• [DATASET SECTION]:
Content starts

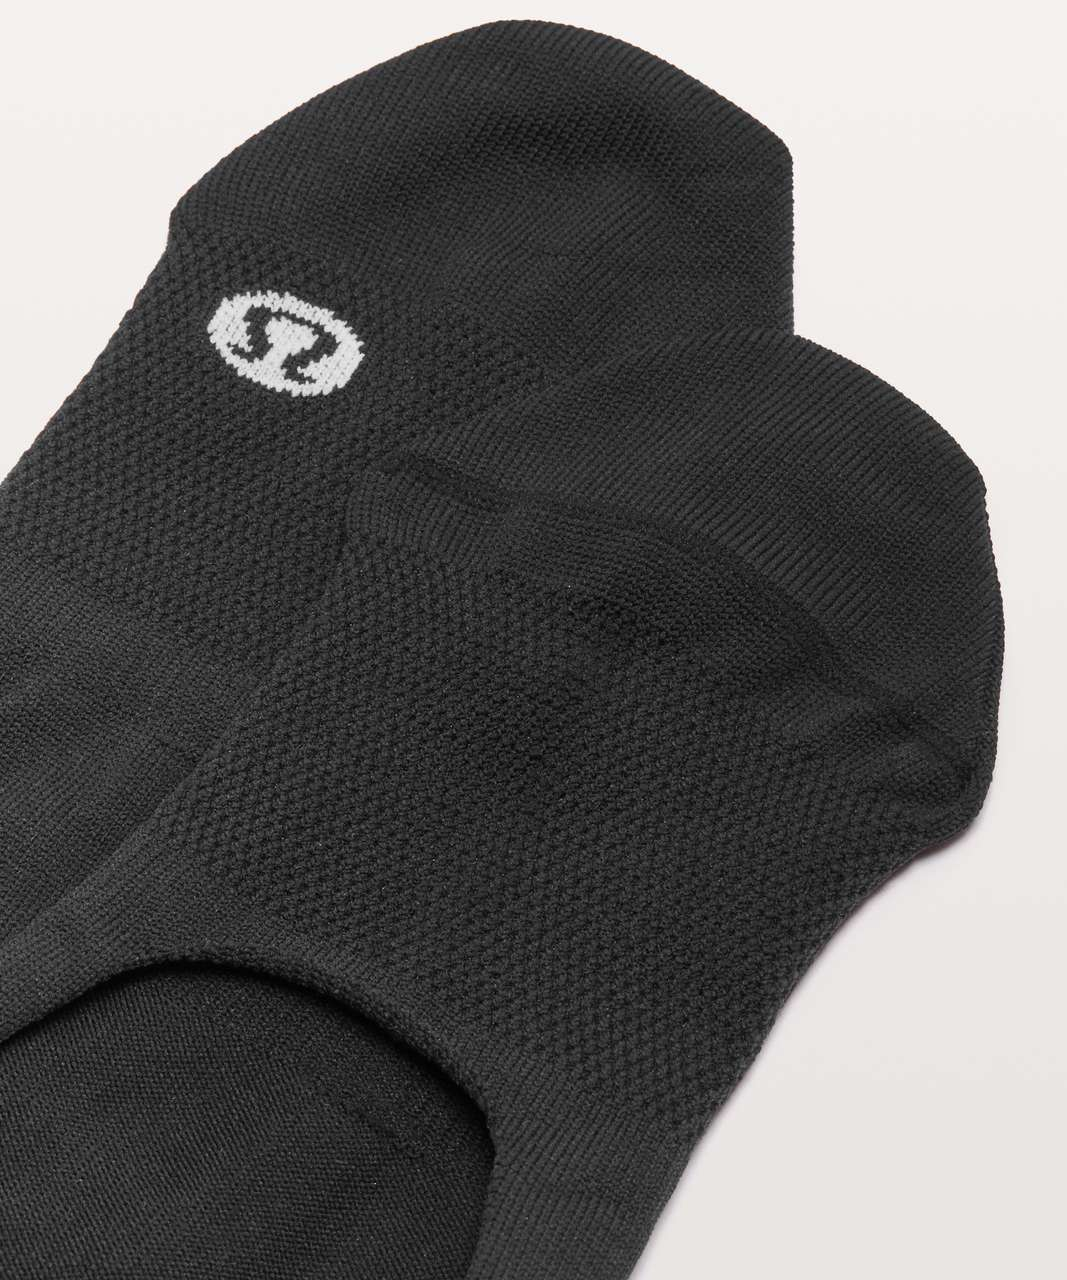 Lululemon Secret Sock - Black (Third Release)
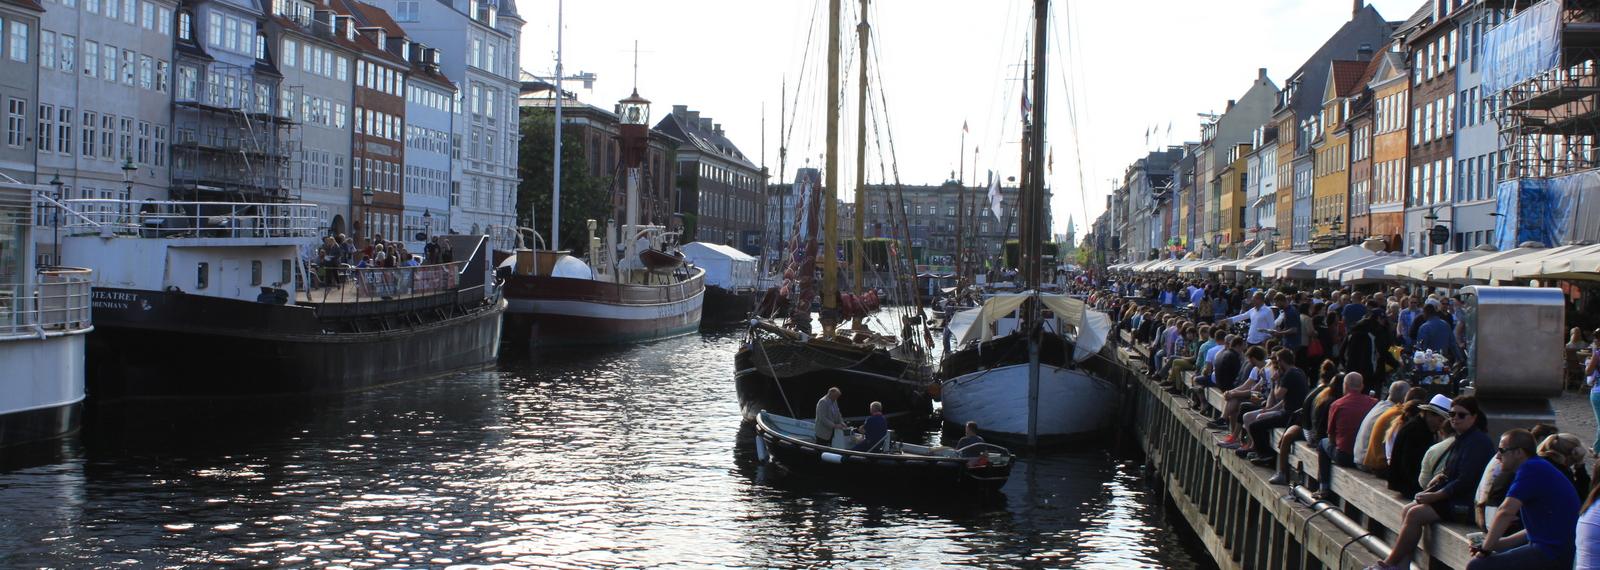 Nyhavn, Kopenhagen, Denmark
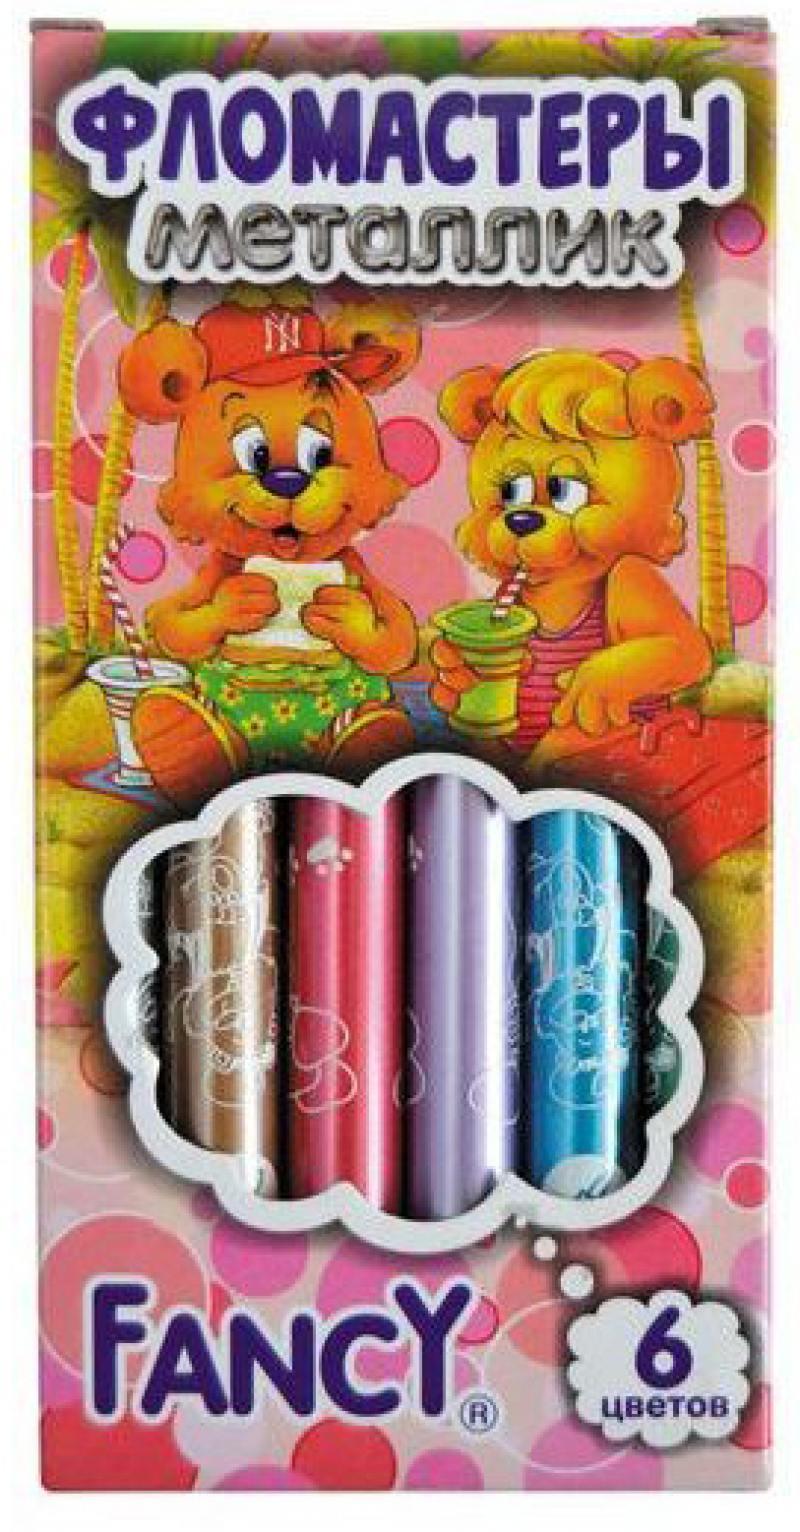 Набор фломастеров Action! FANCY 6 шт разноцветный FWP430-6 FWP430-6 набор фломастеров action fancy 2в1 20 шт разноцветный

Content ends

• [WHAT YOU SHOULD DO]: Here the job is to print the data above exactly, except for any pictures.

• [TASK OUTPUT]:
 Lululemon Secret Sock - Black (Third Release)
 Nyhavn, Kopenhagen, Denmark
 Набор фломастеров Action! FANCY 6 шт разноцветный FWP430-6 FWP430-6 набор фломастеров action fancy 2в1 20 шт разноцветный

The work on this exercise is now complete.